El cincel se deslizó por el
voluble bronce hasta delimitar el contorno de una ciudad y en sus entrañas
cobró vida la imaginación del artista. En torno al ágora se desplegaba la vida
en su plenitud: unos leían los edictos, otros los interpretaban, otros hacían
negocios con la palabra y la letra, otros discutían sobre las interpretaciones
y los negocios pero todos estaban involucrados en las vísceras de la ciudad.

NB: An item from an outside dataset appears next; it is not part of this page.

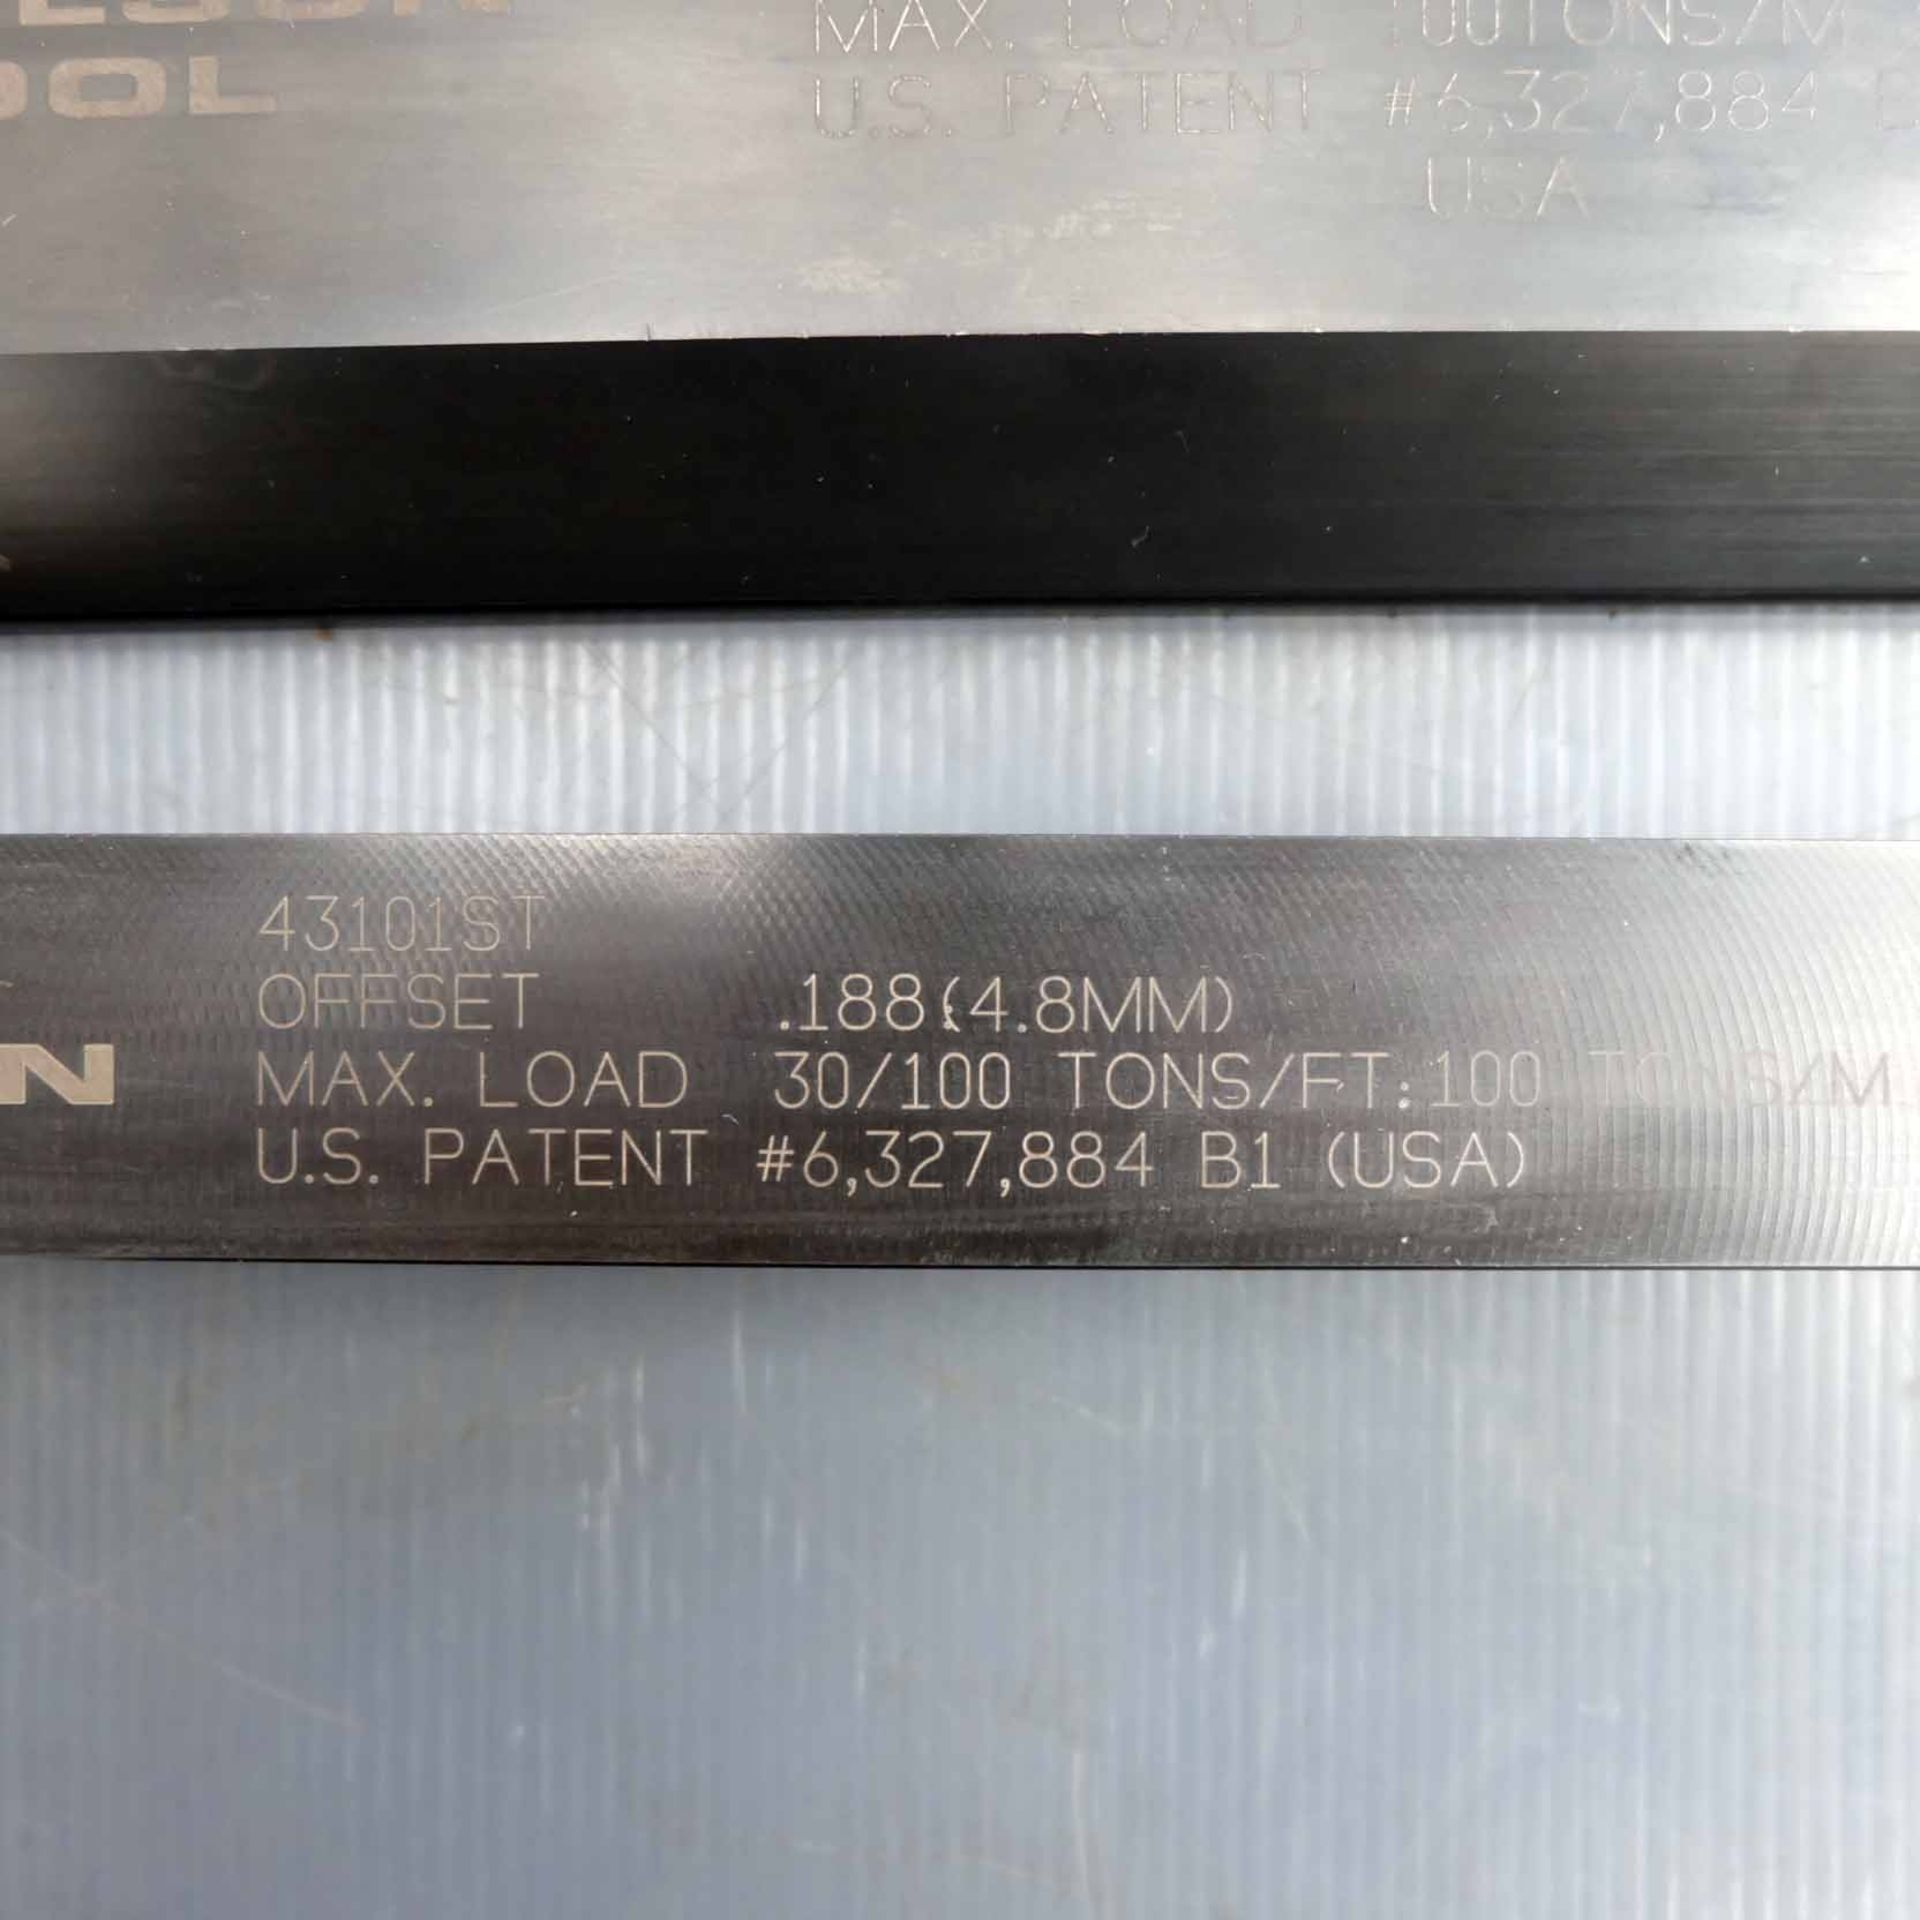 Wilson Tool USA Model 43101ST Offset 4.8mm Top & Bottom Press Brake Tooling. 415mm Long. Top Tool 90 - Bild 4 aus 9

Cada uno era un engranaje de la maquinaría política y todos se movían al ritmo
de la maquinaria. La ciudad había crecido asolando territorios vecinos, se había alimentado de la sangre de los enemigos durante mucho tiempo pero ahora habían transcurrido dos generaciones en paz y la ciudad empezaba a echar raíces como un olivo, raíces sólidas para un árbol sólido y fructífero. Los ciudadanos celebraban esponsales y lo festejaban durante días, procreaban alegres y convivían amistosamente, recibían a los extranjeros con prodigalidad, negociaban con ánforas, aceite o ideas pero echaban de menos el sabor del bronce afilado. Era una ciudad que disfrutaba de la tensa calma que precede a la tempestad porque el fuego de la avaricia recorría los territorios y se corría la voz de que allende los mares había una ciudad tan rica que las calles estaban pavimentas en oro. La fama de esta ciudad había llegado a todas las ciudades propagándose como un fuego encendido de colina en colina y las ágoras bullían. Todas las fraguas se encendieron y a ritmo de remos de galera y los forjadores de toda Grecia comenzaron a trabajar el bronce. La paz había llegado a su fin.